フローは超集中の結果として生まれる

フローやゾーンについて知りたくて、『超人の秘密:エクストリームスポーツとフロー体験』を読了!

死と隣り合わせの危険に挑むエクストリームアスリートたち。本書ではとてつもないチャレンジをした伝説的なサーファー、フリークライマー、スキーヤー、カヤッカーなどが登場しますが、彼らはただの命知らずなのか?それとも、常人にはない「何か」を備えているのか?

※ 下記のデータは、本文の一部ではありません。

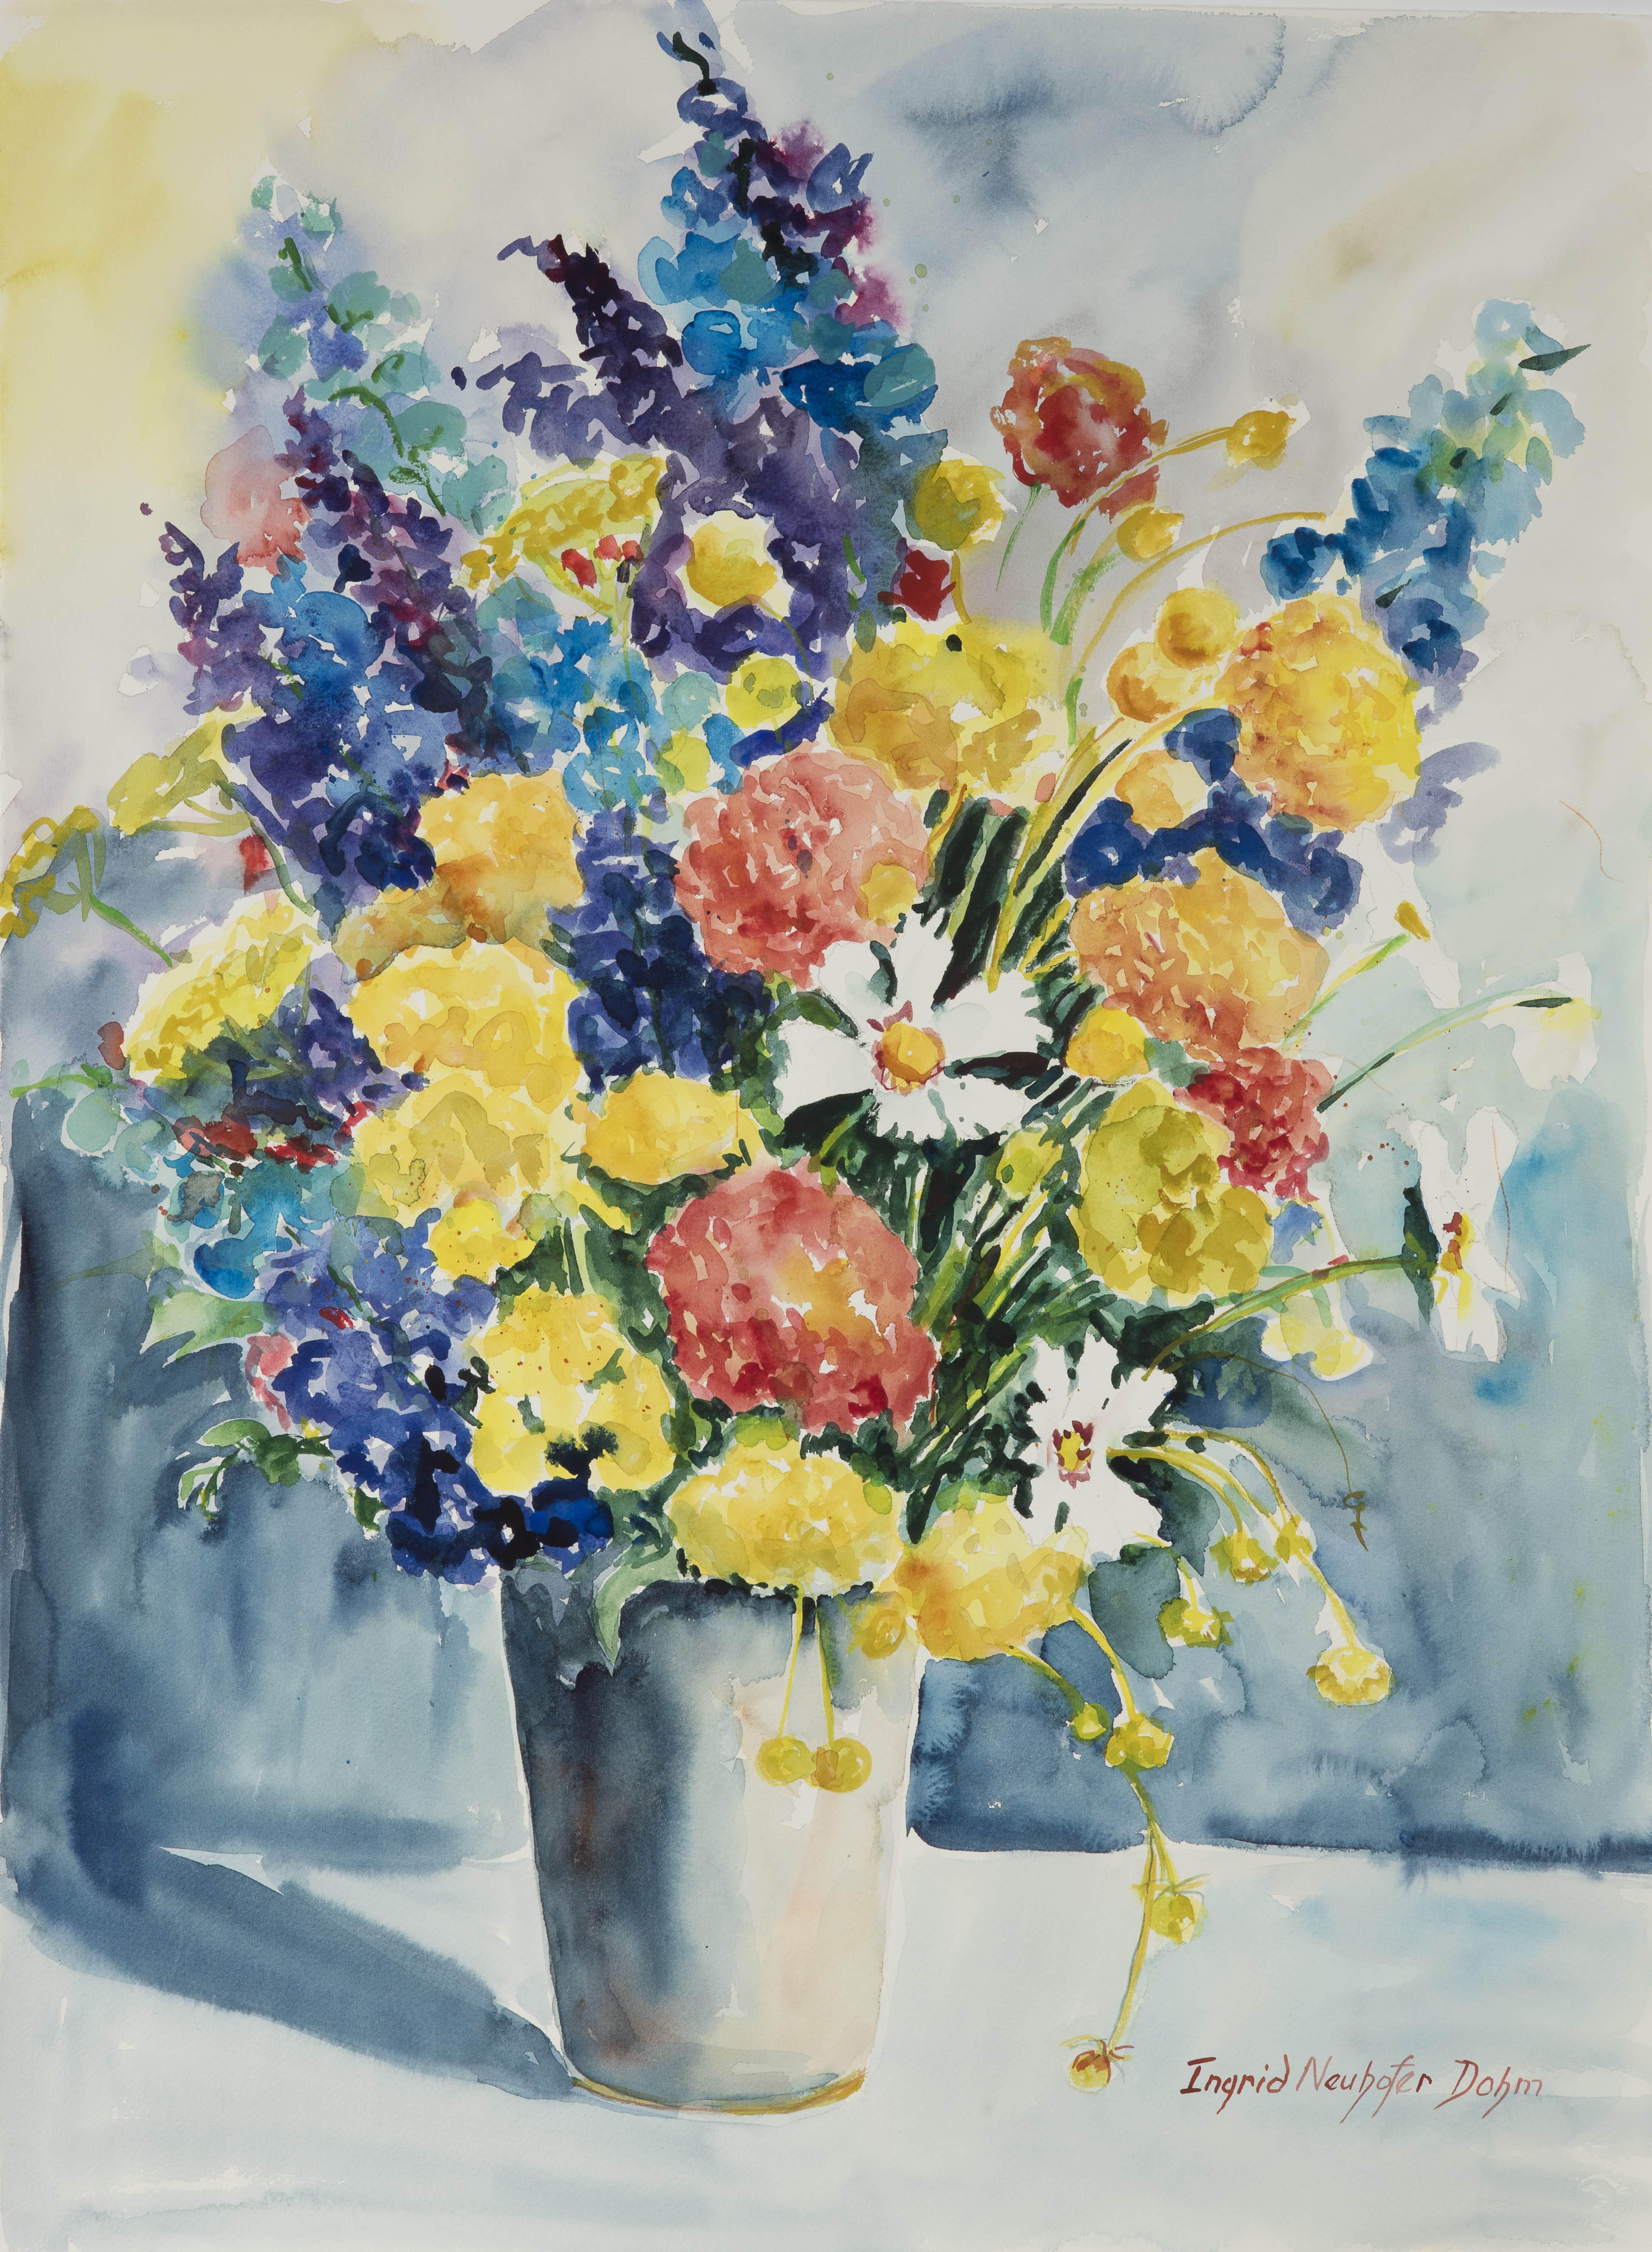 Floral Arrabgement, Original Watercolor Painting, 2017
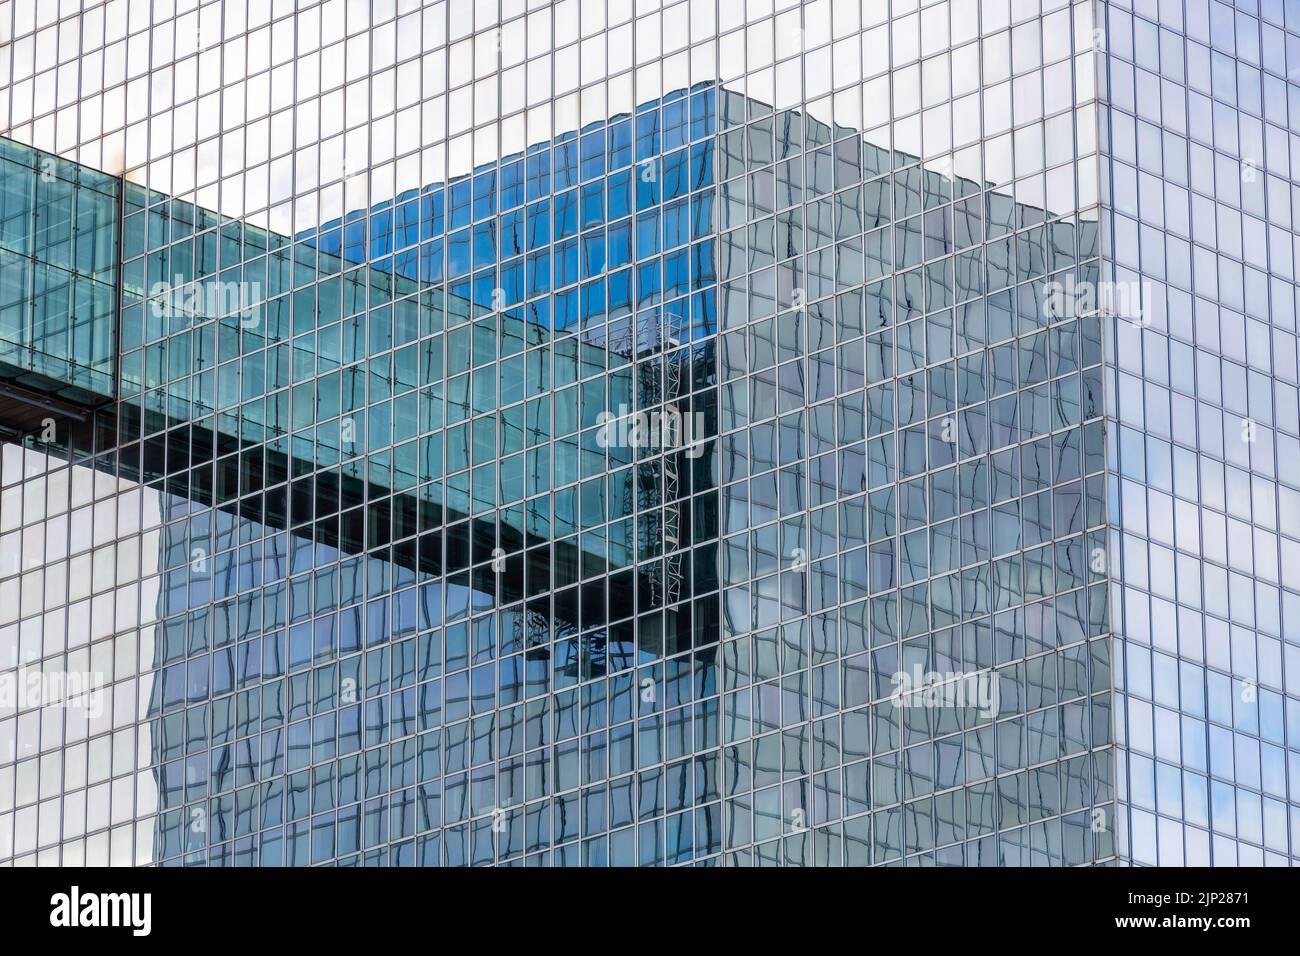 Imágenes reflejadas recíprocas de dos torres de vidrio conectadas por una pasarela. Foto de stock

その「何か」こそ、スポーツ界では「ゾーンに入っている」と言い、研究者たちは「フロー状態」と呼ぶもので、本書は「フロー状態とは何か?」「どうすればフロー状態になれるのか?」を探求したものでした。

そして、なぜエクストリームアスリートたちなのか?

それは、フロー状態になるためのキーワードが「集中」、それも、かなりの「超集中」だからだそうです。エクストリームアスリートのような極限のリスク下にある人は「超集中」せざるをえない状況にあり、だからこそ、その結果としてフロー状態になりやすいのだとか。

例えば、瞑想なども集中力を高めるために有効と言われていますが、時間がかかる瞑想に対して、エクストリームスポーツに臨むアスリートには瞑想のようなプロセスが不要で、一気にフロー状態になります。あるエクストリームアスリート曰く、「私は近道を通っているんだ。」ということらしいです。

つまり、エクストリームアスリートたちは、フロー状態になるか、死ぬか、という厳しい選択の中で、最高の気分になりながら、同時に最高のパフォーマンスを実現できるという最適な意識状態(フロー)でチャレンジをしているというのです。

ちなみに、本書によると、エクストリームアスリートでなくとも、誰でもどこでもフロー状態になることはできるそうで、フローの力を借りてパフォーマンスを高め、イノベーションを加速させている人はいるのだと。。また、QOL(Quality of Life)の観点からみて、日常生活でフロー状態になる機会が最も多い人が、一番幸せということも書かれていました。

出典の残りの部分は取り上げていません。